The Merrill guy my dad used is very good but I was really visiting someone else as a "2nd opinion" of sorts.

My dads (now my moms) investments had an income stream of about 3.5% during the 2008-2011 timeframe. More now

Mostly blue chippers (10 stocks) and conservative mutual funds (several Franklin muni bond funds- tax free).

.37%, wow, that is low. Thanks again!
 
I think you have received some great advice and would echo the strong sentiment that you can manage your 401k nest-egg completely by yourself after doing some more reading (refer to recommended reading list) and spending some time on the Boglehead forum. The good news is it sounds like you have about 2 years until any decisions have to be made. Before I would shell out the 500 plus bones to the financial planner, I would go to the company benefits department with a list of questions (I would take notes) such as is the defined benefit is COLA'd? Does thef 401k plan in fact have an age 55 withdrawal option (not all 401ks do), what are the fees of this 401k (ie, leave it in the plan or transfer to Vanguard IRA to decrease costs)?
You did not mention if you had any IRA monies. If not, you could contribute to IRAs your last two years.
Sounds to me like you have two good years to educate yourself and make the decision as whether you want to be fleeced by a financial advisor. Good luck.
____

Thanks BigE.

I have done some research on our bennies:

Pension- Non COLA (pension about $36K yr)
401K- can draw at 55 without 10% penalty, at 55). Can transfer some to IRA and leave some in plan- no penalty. Fee's seem low but I need to check that out (It's statestreet)
Retiree Medial until 65 medicare age (~ $100 a month)
I don't have IRA investments unfortunately

so essentially it's my pension and my 401K income stream I'm counting on. My expenses are estimated at $60K a year. I have no spouse that I know of :LOL:
 
If you have pension questions, you can hire an actuary from a pension firm on an hourly basis. If you need tax help you can hire a CPA or EA on an hourly basis. For trust and estate help you can hire an attorney by the hour. You can read a lot of investment books, hire a fee only financial planner or possibly get a free retirement plan from places like Vanguard or Fidelity for help. They'd all cost a lot less than 281K, and you'd be getting expert advice in each specific area for way less money.

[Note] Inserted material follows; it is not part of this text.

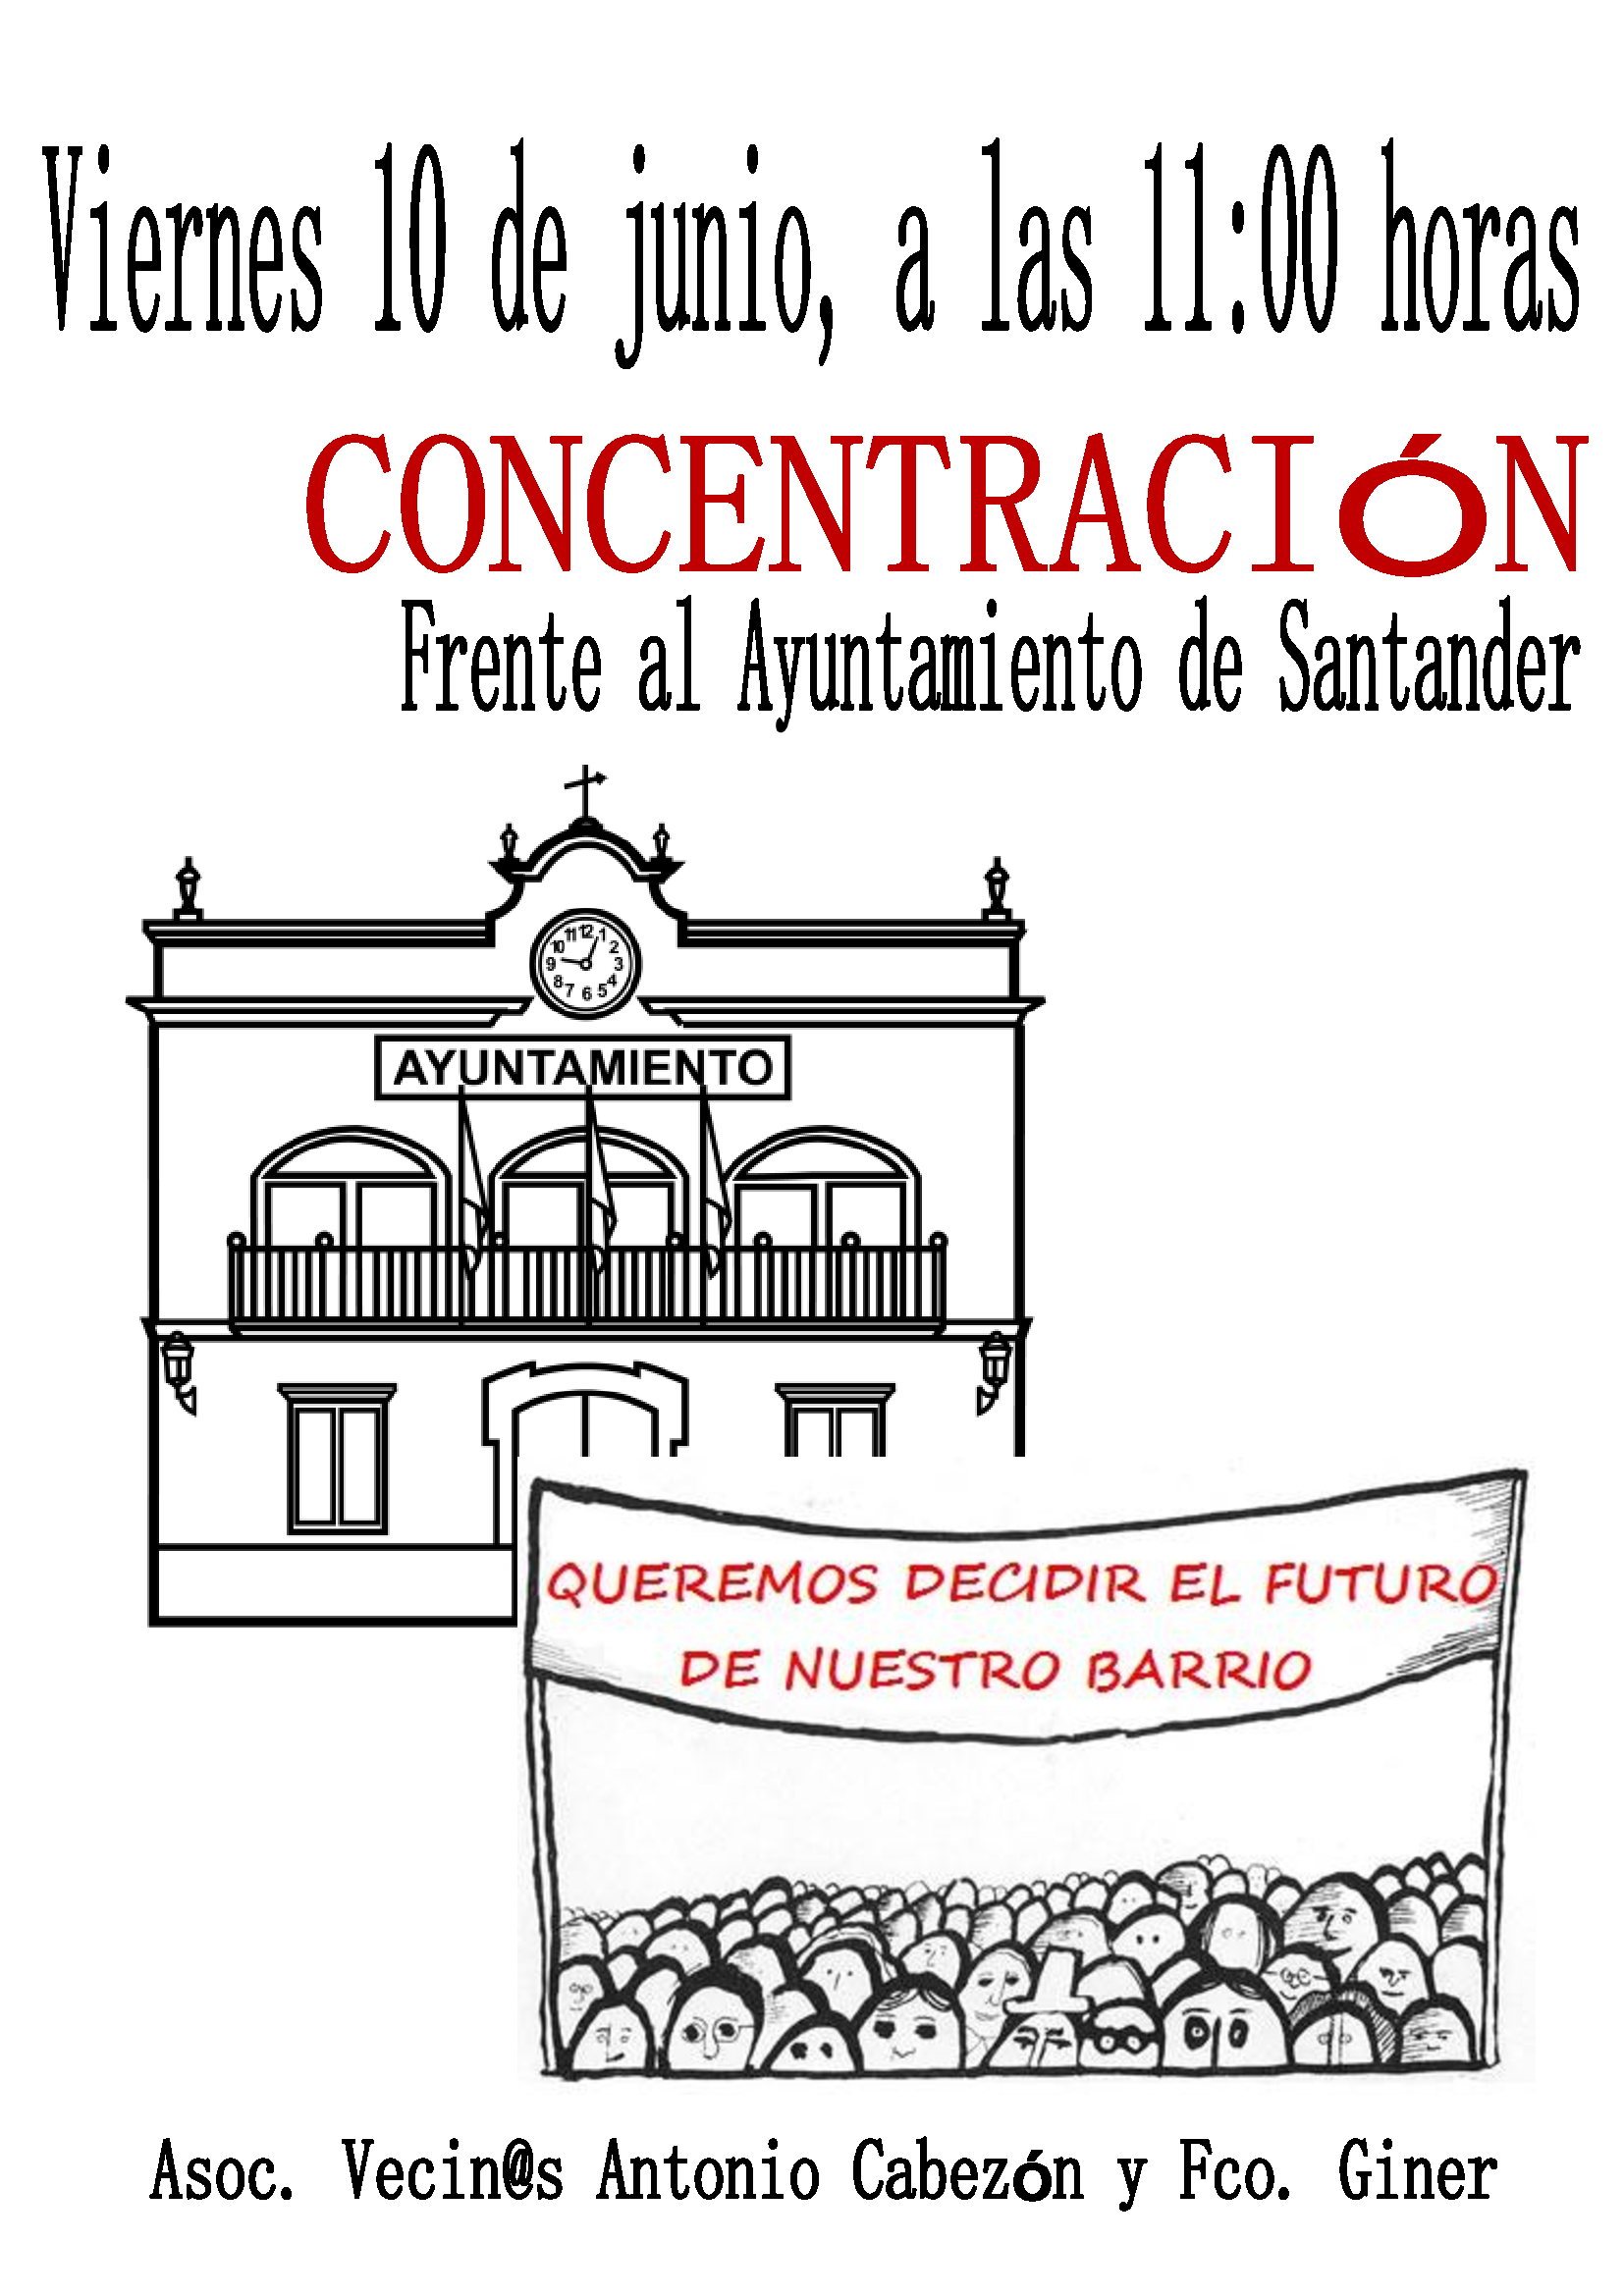 cartel concentracion 10 de junio

The problem with the percent of assets people doesn't end with their fee. They could also put your assets into funds with loads or other fees. They could churn your account to generate commissions.

After load fees, sales fees, annual investment fees, taxes and inflation - what real return rate will be left for you?
 
On the aggregate the financial services industry is to the individual investor/saver what Bonnie and Clyde were to the banks.

Of course there are exceptions. Your challenge is figuring out how to vet candidates. IMHO one of the good guys is Bill Schultheis -> The Coffeehouse Investor. His office is across the lake from you.

Full disclosure: Have never met the man but do enjoy his philosophy on life and investing.